2012-08-29 Thread Camaleón
On Wed, 29 Aug 2012 18:08:58 +0100, Tony van der Hoff wrote:

 On 29/08/12 17:28, Camaleón wrote:
 It does not matter that Lenny is out of support (formerly codenamed
 oldstable) because even the current stable release (Squeeze) neither
 get kernel upgrades (for kernel upgrades I mean going from 2.6.26 to
 2.6.32 or 3.x branch, for instance).

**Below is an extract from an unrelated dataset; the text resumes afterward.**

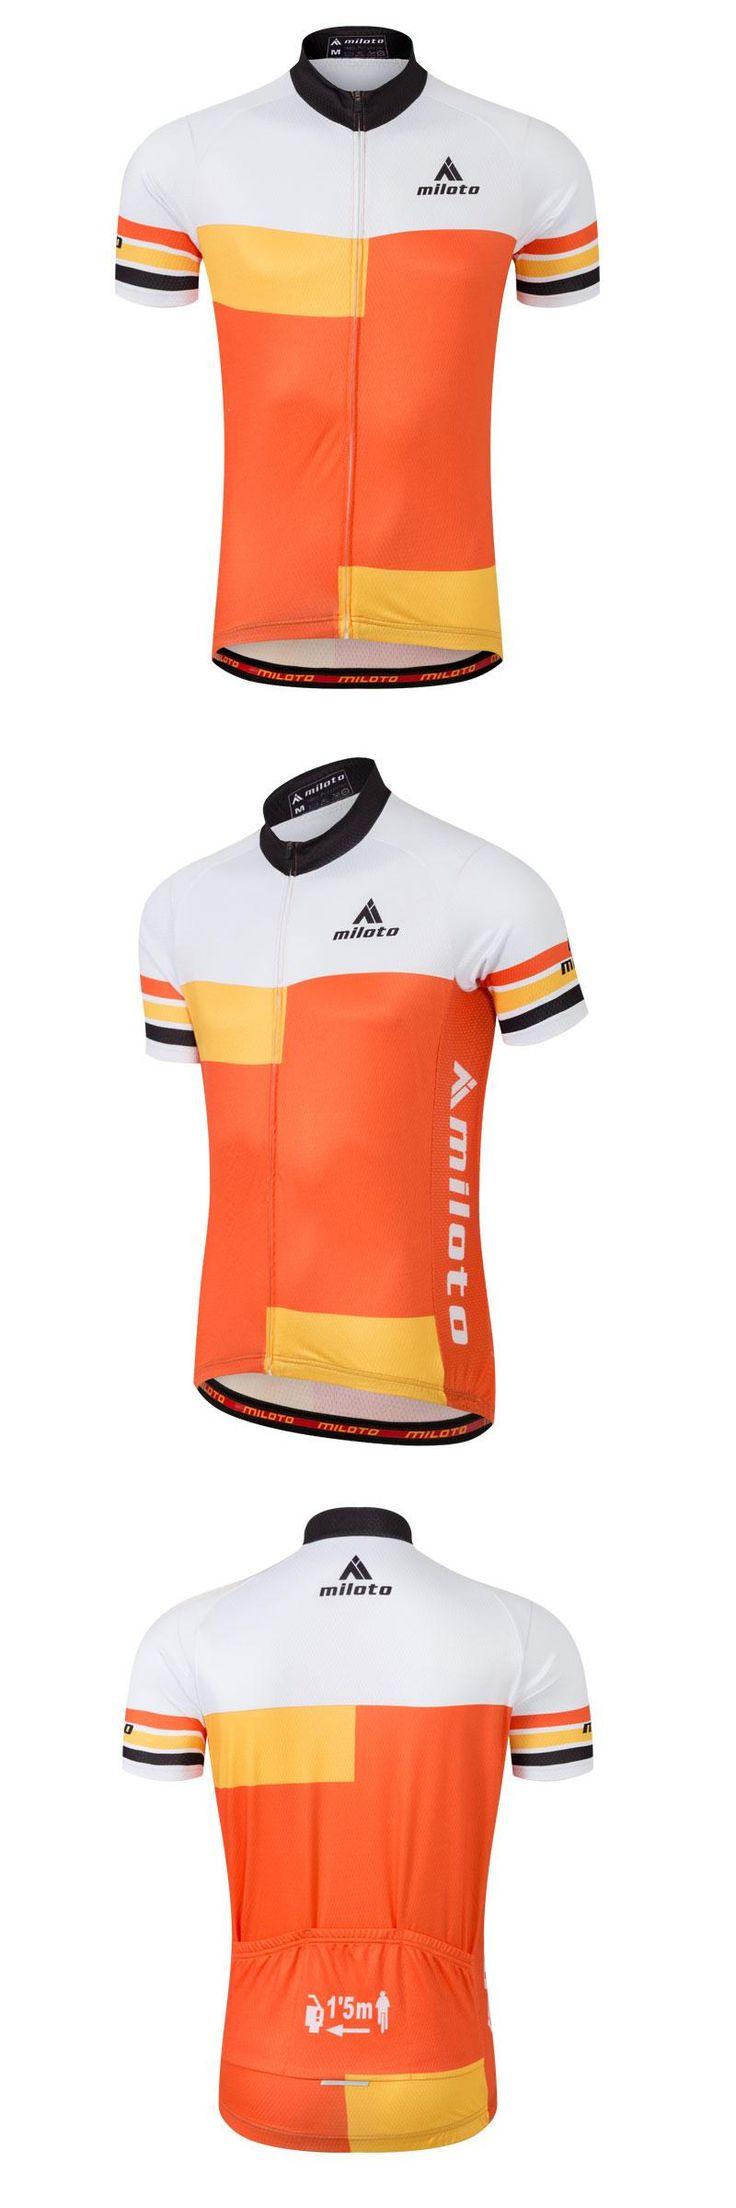 [Visit to Buy] Plus Size 4XL 5XL Cycling Jerseys Short Sleeve Men Bike Bicycle Shirts / T-shirts Cycle Jacket Reflective Orange Antislip #Advertisement

Kernel upgrades in Debian only
 happen in testing (until becomes frozen) and sid.
 
 Unless there's an upgrade to fix a security issue, I believe?

Sure, that's what I said in an earlier post¹ ;-)

 2012-05-10 08:01:57,434 INFO Starting unattended upgrades script
 2012-05-10 08:01:57,434 INFO Allowed origins are: [('Debian', 'stable'), 
 ('Debian', 'squeeze-security')] 
 2012-05-10 08:05:42,539 INFO Packages that are upgraded: linux-base 
 linux-image-2.6.32-5-amd64

But still security updates for the kernel keep the same branch 
(2.6.32), they can't jump so far because of compatibility (ABI) issues.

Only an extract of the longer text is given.